NEW YORK (GenomeWeb News) – In a pair of papers appearing online today in Nature, two international research teams reported that they have sequenced the complete genomes of an African and an Asian individual, pinpointing new and previously identified single nucleotide polymorphisms and structural variants.
In the first of these, a team of researchers led by investigators at Illumina used massively parallel sequencing to sequence the genome of a Yoruban male from Ibadan, Nigeria, whose DNA was collected as part of the HapMap project.
The team first validated their approach by sequencing a bacterial artificial chromosome containing human DNA and flow-sorted X-chromosomes from a Caucasian female.
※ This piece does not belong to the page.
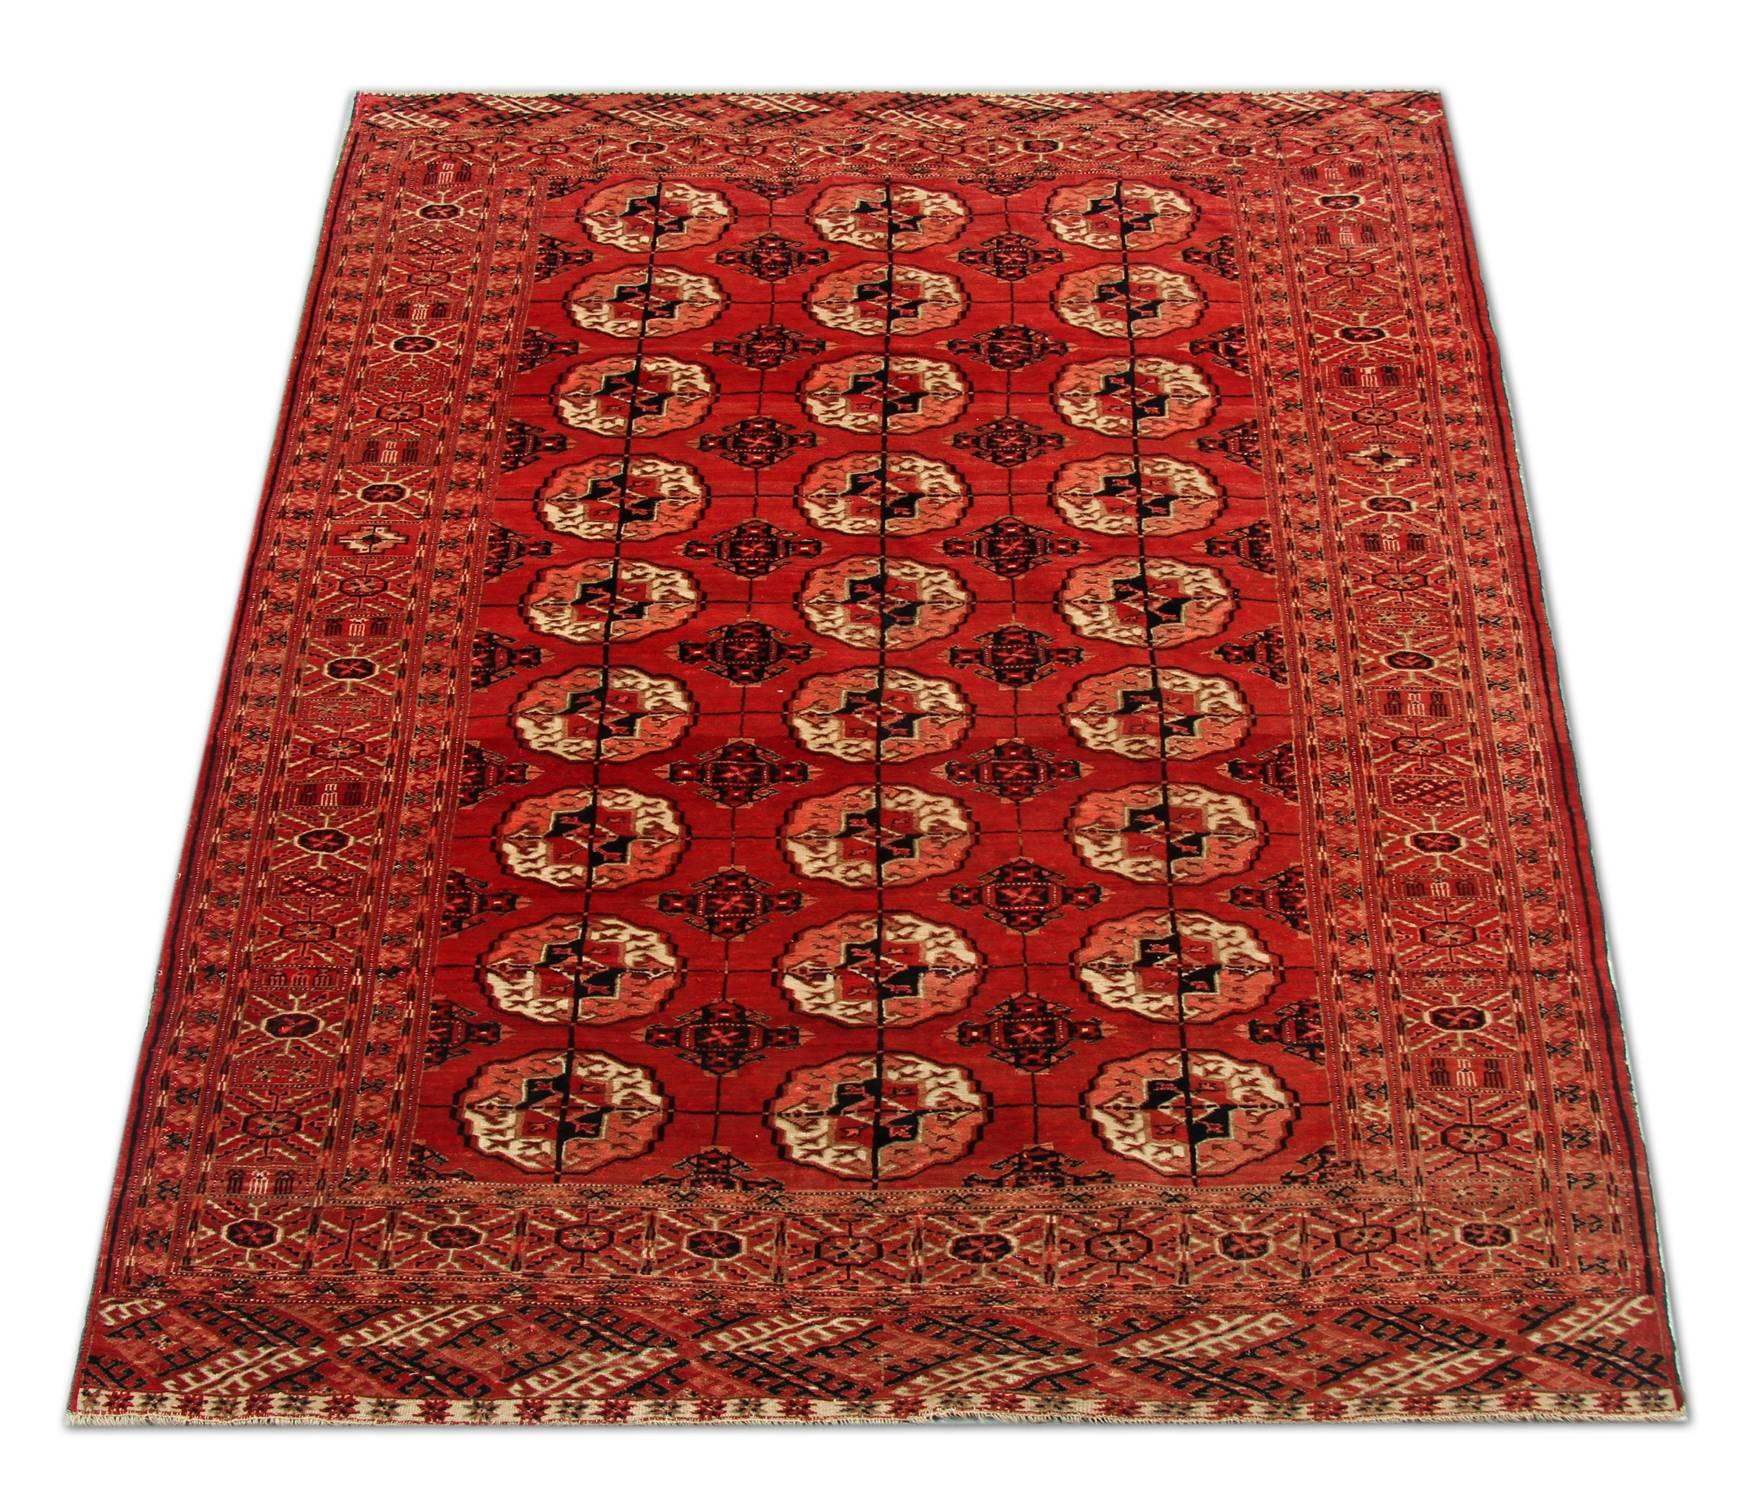 This is an example of fine Afghan red rug made by highly skilled Turkmen handmade rugs weavers in the north of Afghanistan. They have used hand-spun wool and 100% organic dyes for the production of these wool rugs. This tribal rug has repeating

Then, they used six Genome Analyzers to sequence the Nigerian man’s genome to more than 30 times average depth, generating some four billion 35-base, paired reads over about two months.
The consumables cost roughly $250,000. By comparison, the researchers said that it cost about $300 million to generate the raw data for the first human genome sequence.
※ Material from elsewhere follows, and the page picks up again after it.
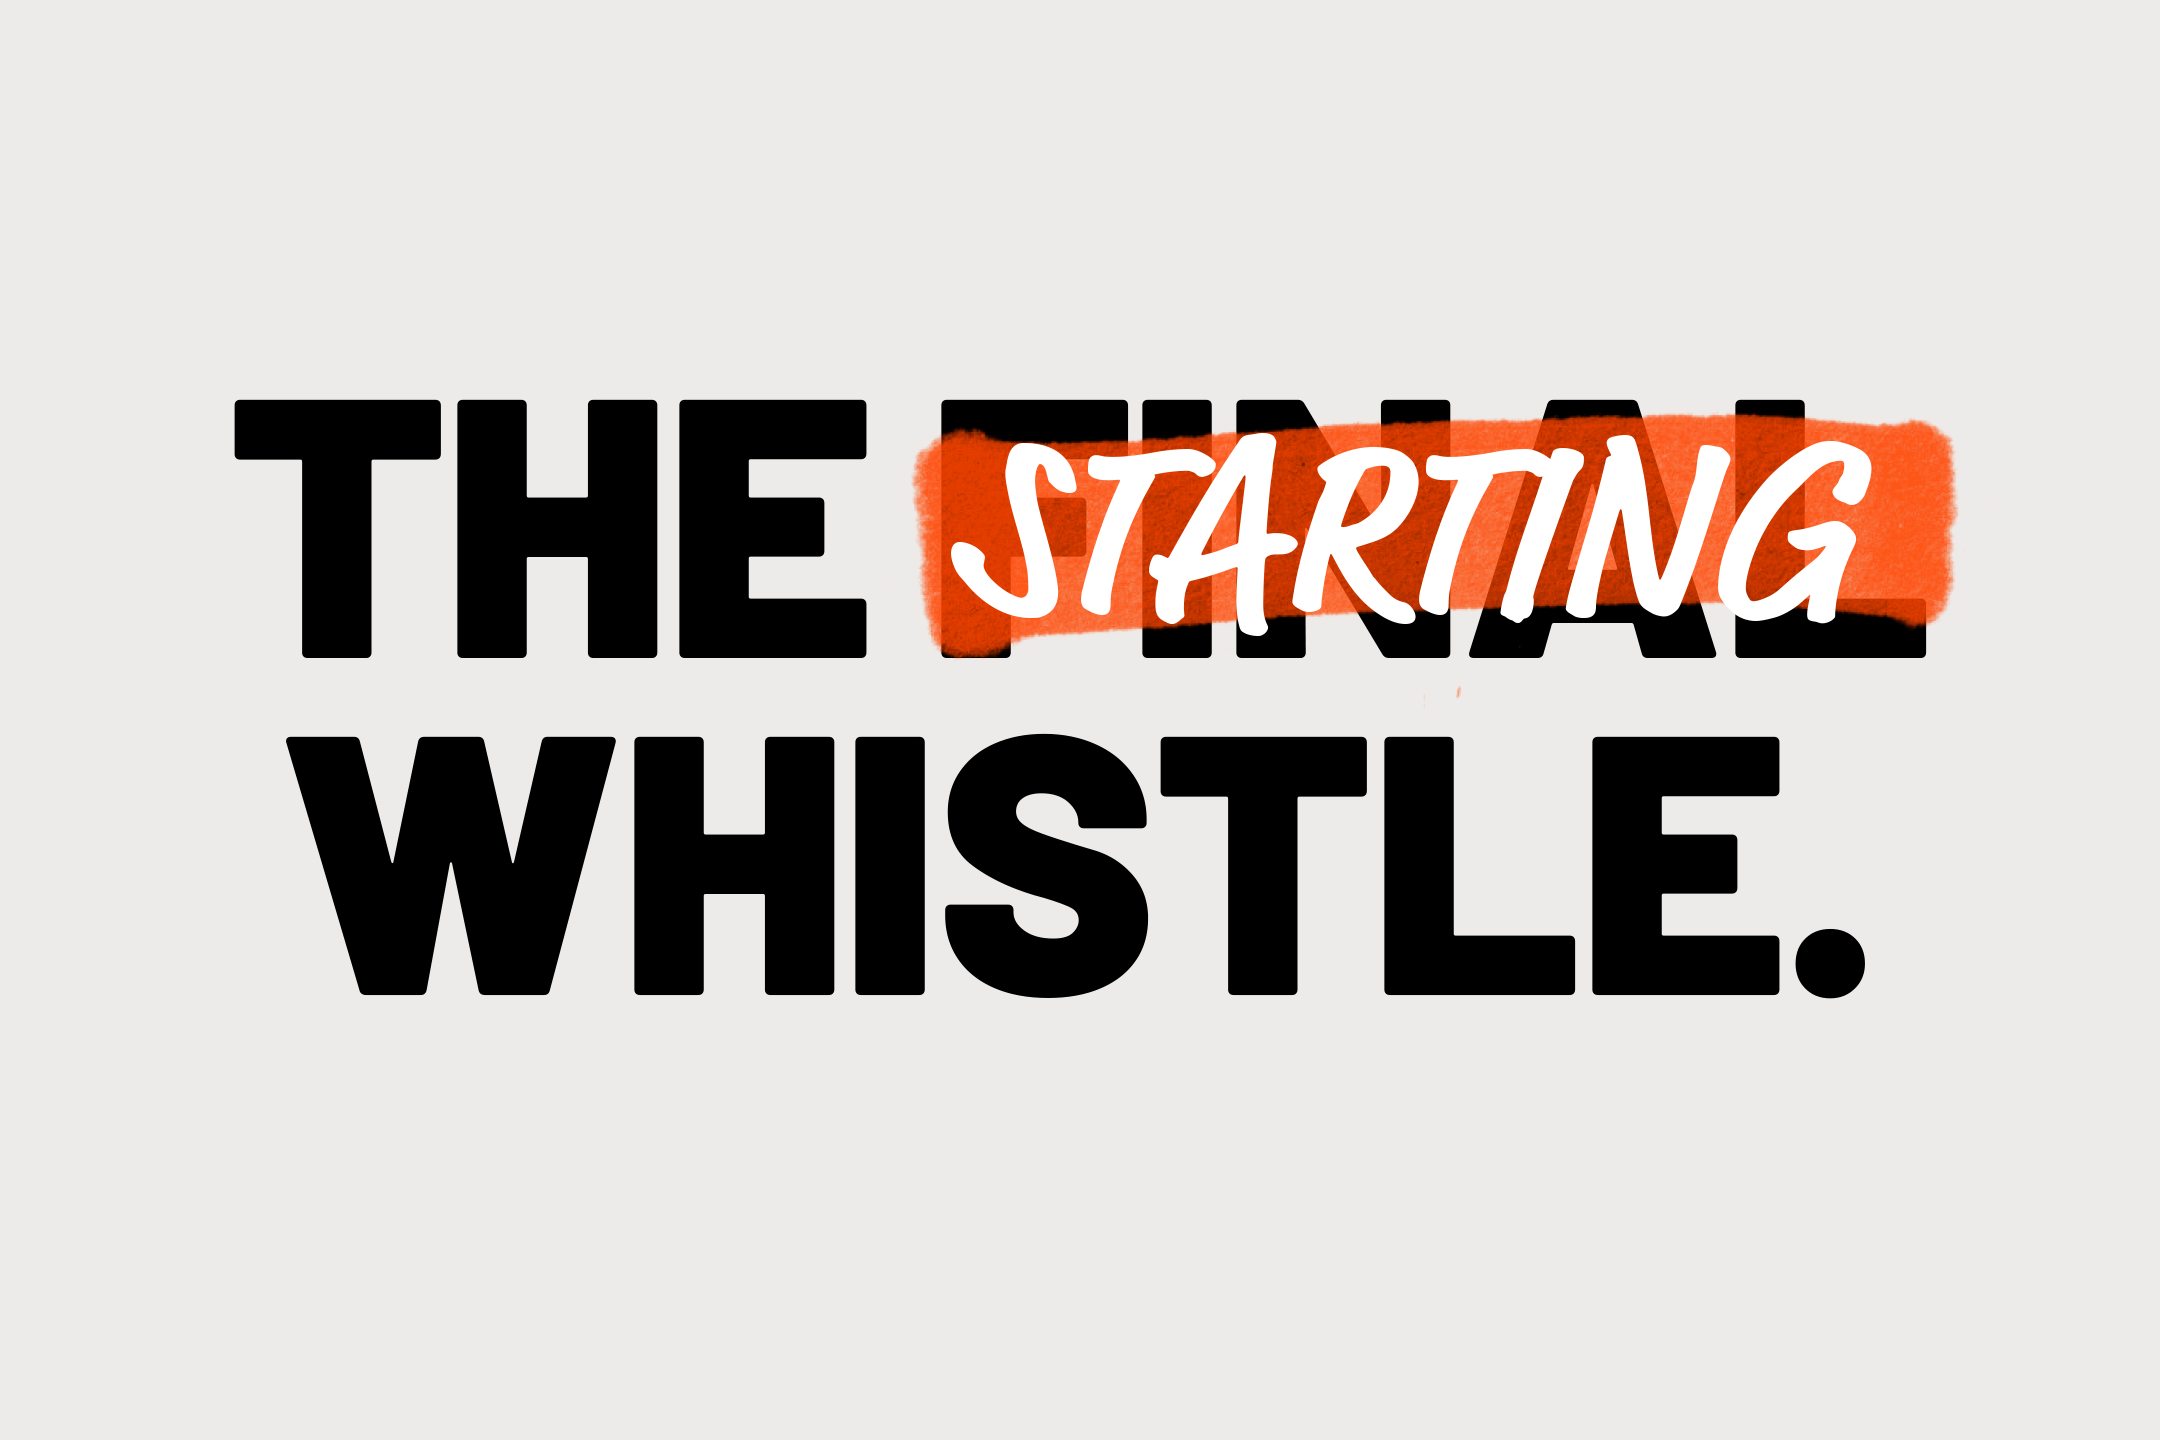 The starting whistle

The sequence covered 99.9 percent of the human reference genome (NCBI build 36.1) to about 41 times depth, on average. During their subsequent analysis, the team detected about four million SNPs in the Yoruban genome. Just over a quarter of these were distinct from those found in the dbSNP database.
“This genome from a Yoruba individual contains significantly more polymorphism than a genome of European descent,” the authors noted. And the Yoruban genome was more heterozygous than Caucasian genomes sequenced so far. This heterozygosity was lower in coding regions than in non-coding regions, although the team detected more than 26,000 SNPs within coding regions. They also found about 400,000 short insertions and deletions — half of which are also in dbSNP.
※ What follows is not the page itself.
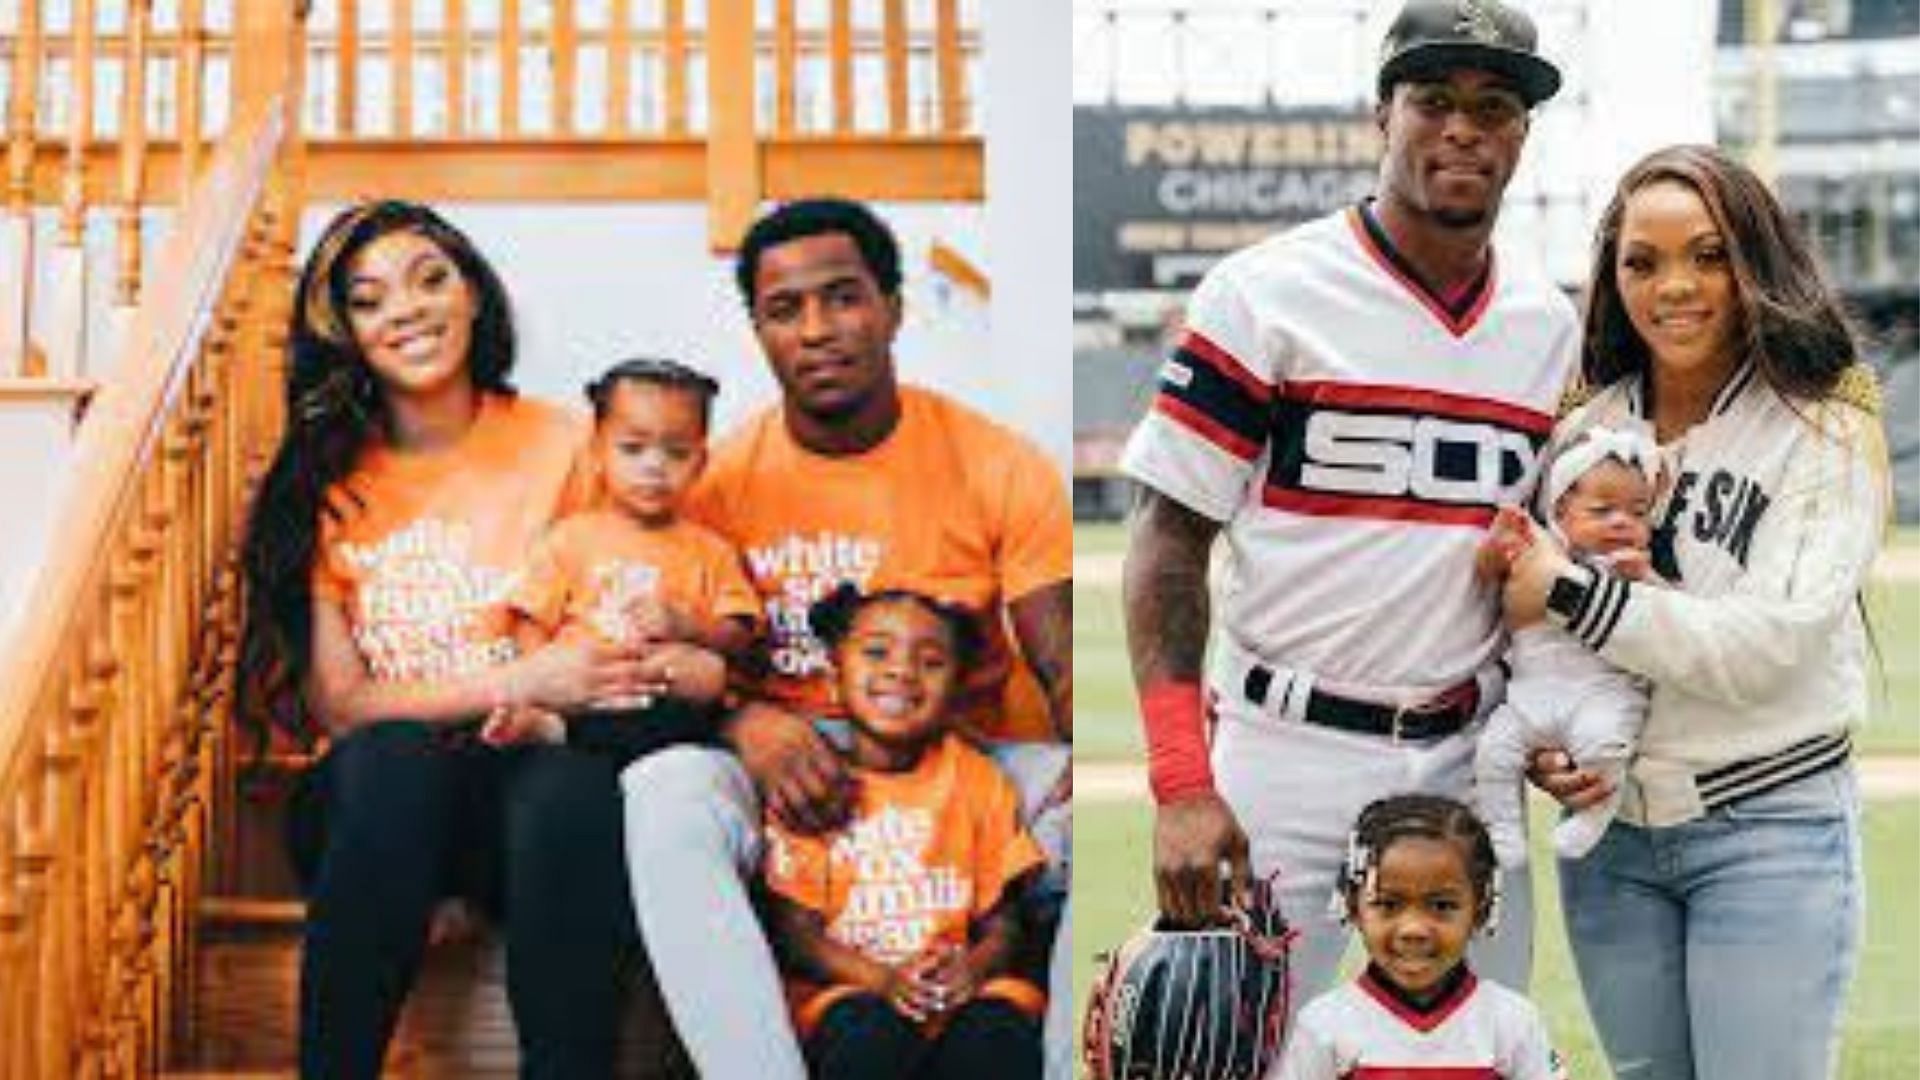 Tim Anderson and his wife Bria Anderson

“Our short-insert paired-read data set introduced a new level of resolution in structural variation detection, revealing thousands of variants in a size range not characterized previously,” the authors said.
The researchers added that the same massively parallel sequencing approach may also be used to understand processes such as transcriptional activity, gene regulation, epigenetics, and chromatin modification.
In a second paper, a team led by Jian Wang, a researcher affiliated with the Beijing Genomics Institute and Shenzhen University’s Genome Research Institute, used a similar approach to sequence the genome of a Han Chinese man from East Asia.
Using Illumina Genome Analyzers, the researchers got sequence information for 92 percent of the individual’s genome at 36-fold coverage, on average. The average read length was 35 base pairs and the team generated about three billion quality reads while sequencing the genome. That sequence covered 87.4 percent of the NCBI 36.1 reference sequence to 36-fold average coverage.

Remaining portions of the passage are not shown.